Reproduce

To reproduce a run, match the full software stack. A different stack is a different experiment. The values below are the minimum spec. The repository holds the exact dated manifests.

Pinned stack

Component	Pinned value
GPU	2× AMD Radeon AI PRO R9700 32 GB (gfx1201, RDNA 4 / Navi 48)
CPU / RAM	AMD Ryzen 9 9950X3D · 96 GB DDR5-6000
OS / kernel	Kubuntu 24.04 · kernel 6.17
ROCm	`7.2.0`
vLLM	`0.19.0+rocm721`
Quantization	AWQ W4A16 (compressed-tensors); `llm-compressor 0.10.0.2`

Every benchmark JSON record captures the full version set (rocm_version, vllm_version, torch_version, torch_hip_version) plus the complete env-var dictionary. Dated software and system manifests (pip freeze, ROCm, kernel) live under environment/ in the repository.

Mandatory gfx1201 environment variables

These variables are required on this platform. They are public engineering content.

unset PYTORCH_ALLOC_CONF
export VLLM_ROCM_USE_AITER=0
export AMD_SERIALIZE_KERNEL=1            # NOT 3, rejected by current PyTorch
export HIP_LAUNCH_BLOCKING=1
export ROCR_VISIBLE_DEVICES=0,1          # exclude the iGPU (RAPHAEL)

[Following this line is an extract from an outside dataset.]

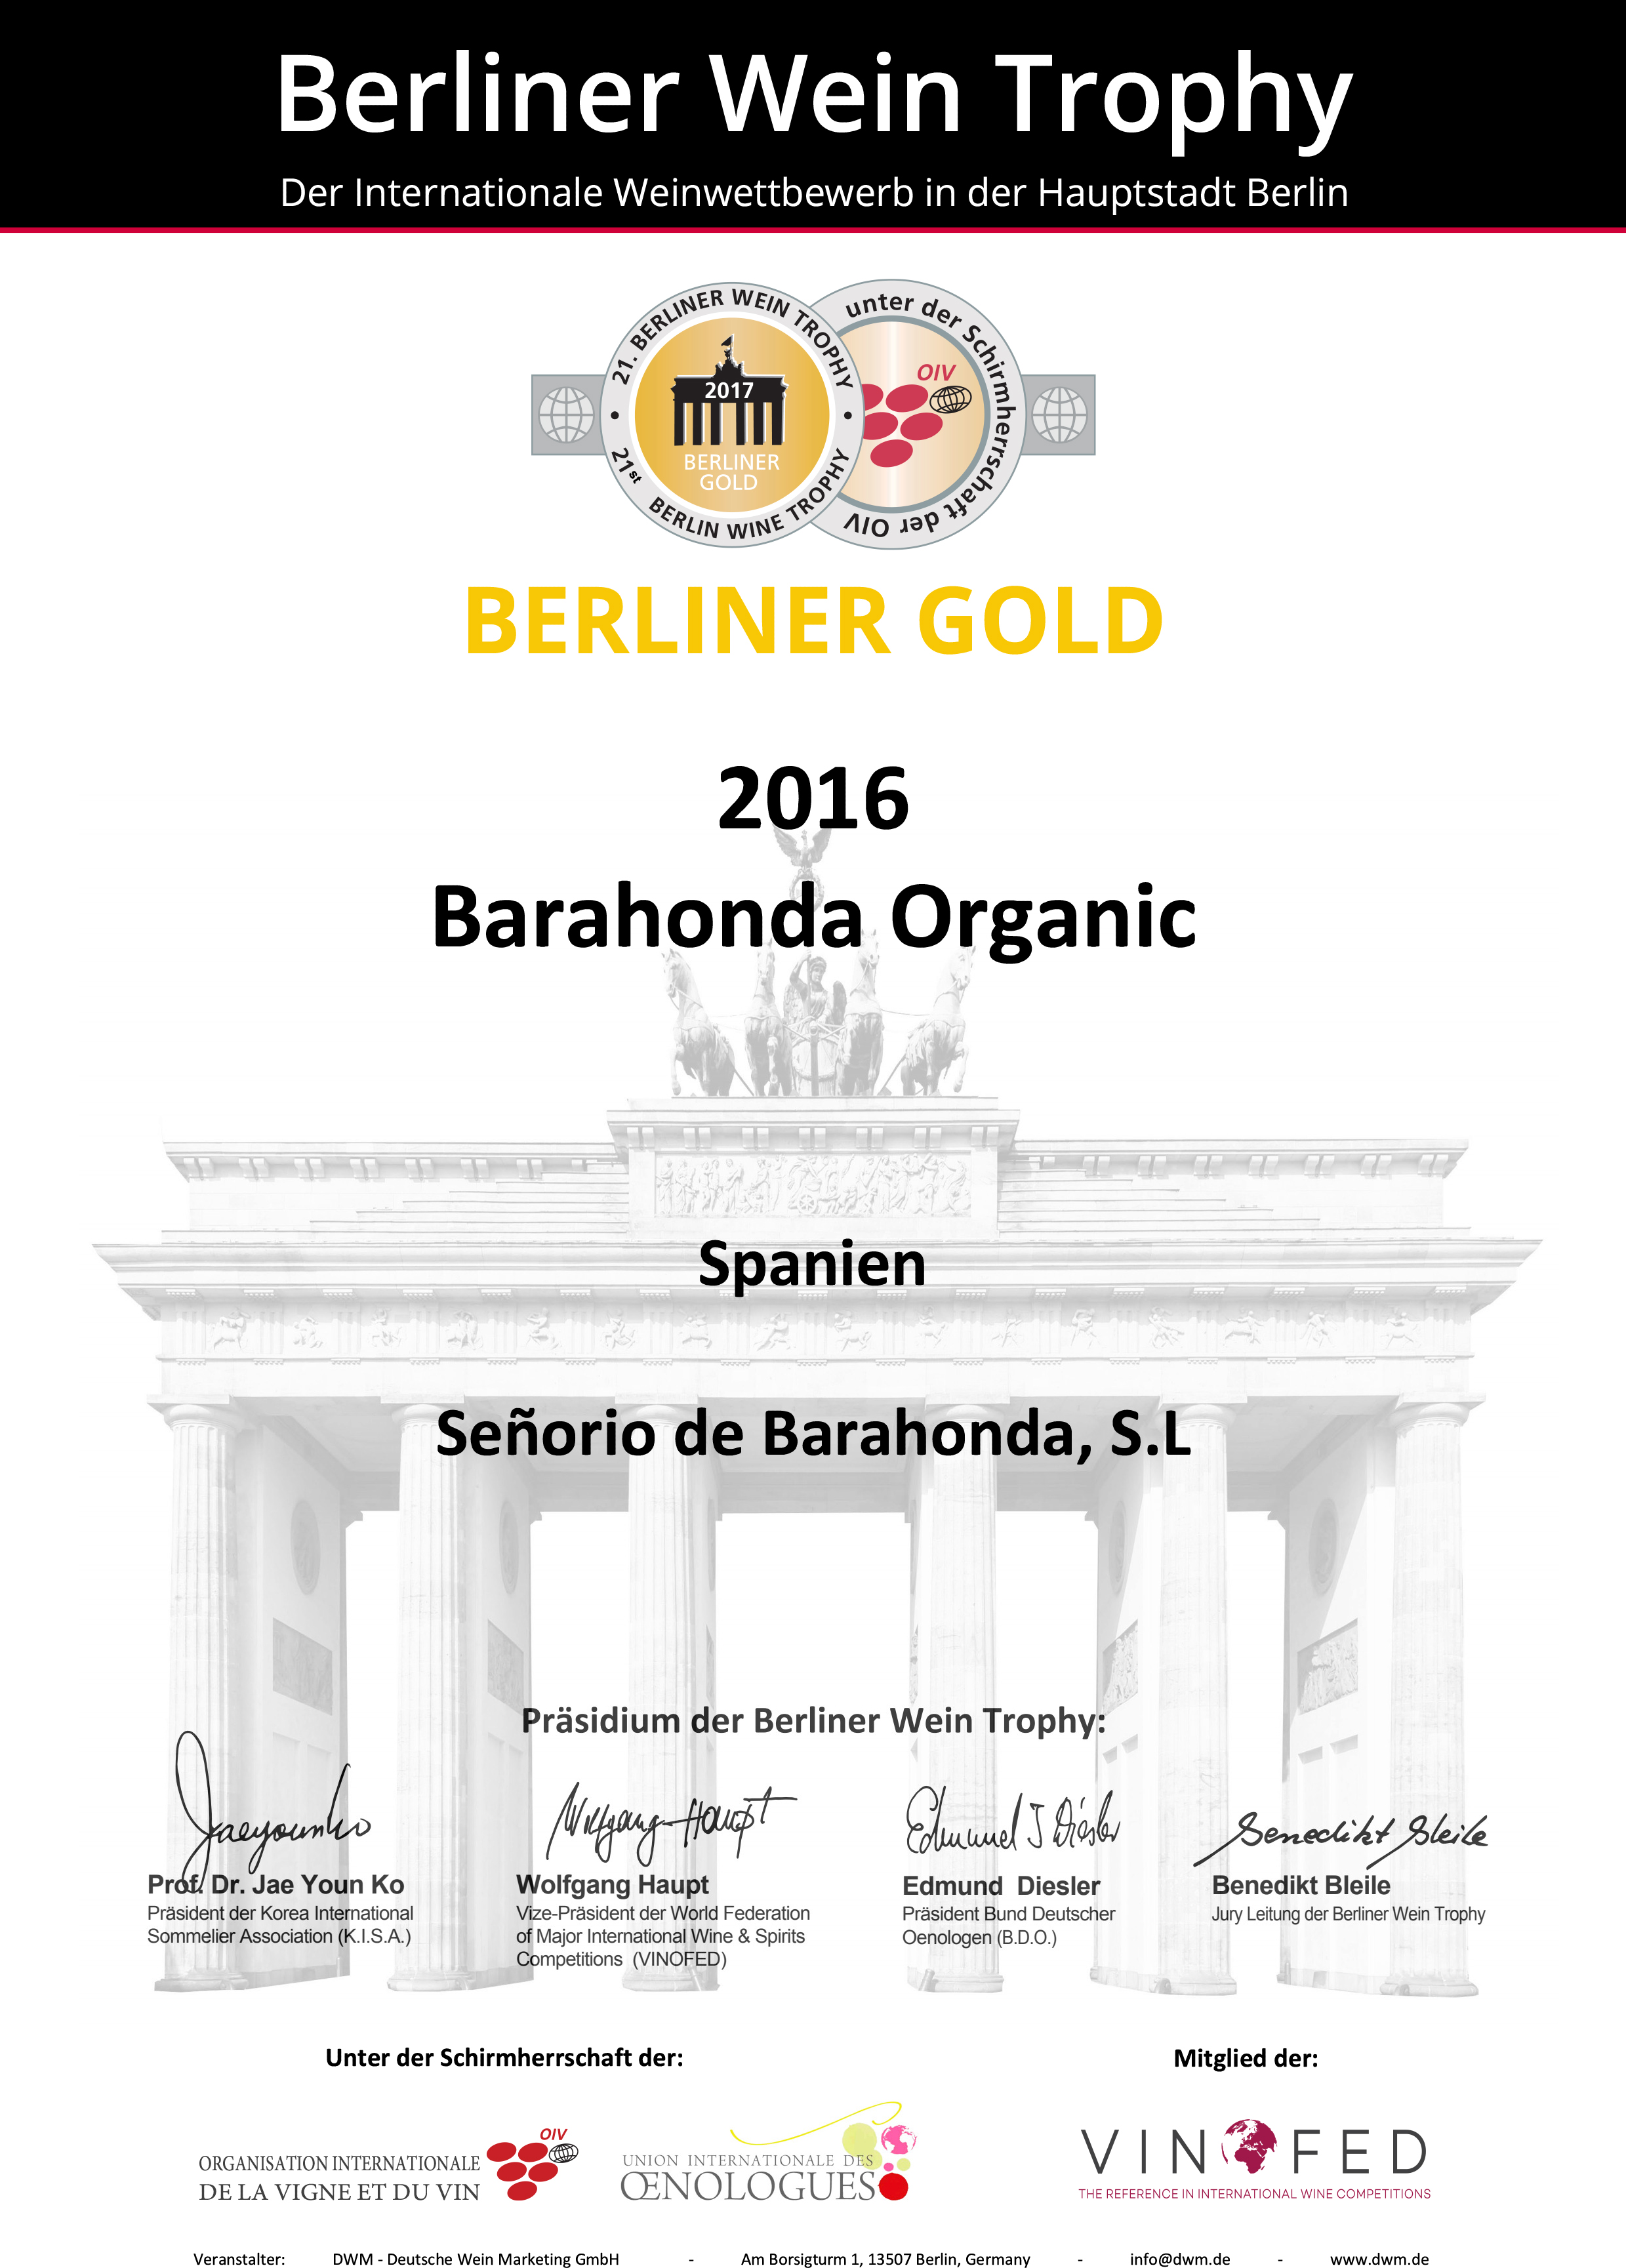 Berliner Wein GOLD Trophy 2017

Mandatory model-construction flag

For every model with hybrid attention, enforce_eager=True is mandatory. The default CUDA-graph capture crashes with HSA_STATUS_ERROR_INVALID_PACKET_FORMAT on gfx1201. This is a runtime constraint, not a model defect.

Serving a released model

The released AWQ checkpoints ship vLLM usage snippets for two platforms on their HuggingFace cards: AMD ROCm validated, NVIDIA portable via the awq_marlin kernel. On this platform, a single-card variant is served roughly as below. The model card gives the exact per-variant invocation.

# after exporting the gfx1201 env-var floor above
vllm serve mozarcik/Llama-PLLuM-8B-chat-2512-awq \
  --tensor-parallel-size 1 \
  --max-model-len 2048 \
  --enforce-eager

Sanity checks go to the /v1/completions endpoint with the chat template bypassed. See Results for why.

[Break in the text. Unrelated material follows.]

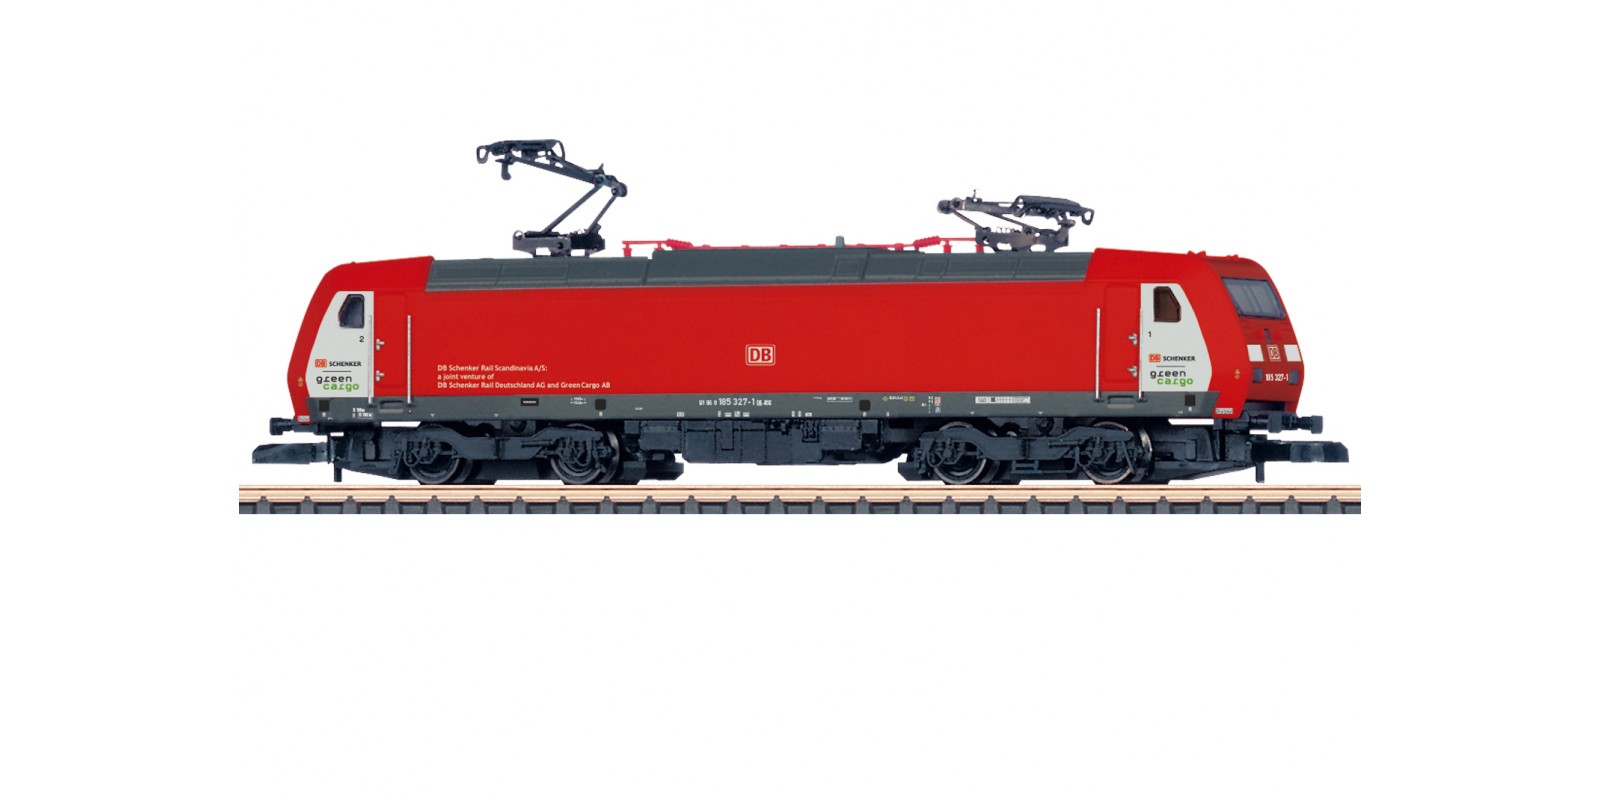 88486 Class 185.2 Electric Locomotive

What you can reproduce from public artifacts

The engineering envelope. Load behaviour, weight footprint, KV-cache budget, and max-concurrency for each released checkpoint. These figures are on the Results page and the model cards.
The quantization. Re-quantize any base checkpoint against the published calibration corpus with the pinned llm-compressor version. The 8B and 12B were quantized locally on one R9700. The 70B family was quantized on an AMD Instinct MI300X (192 GB) via the AMD Developer Cloud on DigitalOcean, under the AMD Developer Program. A 70B AWQ pass needs more memory than two R9700 cards leave free. The scripts and their MI300X paths are under calibration/quantization/.
The methodology. The full Phase 1 and Phase 2 protocol, statistical design, and plotting scripts are in the repository.

The Phase 2 numerical results (per-N throughput, latency distributions, energy per token) and the figures needed to reproduce the scaling analysis are held back until the papers are published. The raw results tree (benchmarks/results/) is gitignored and kept locally only.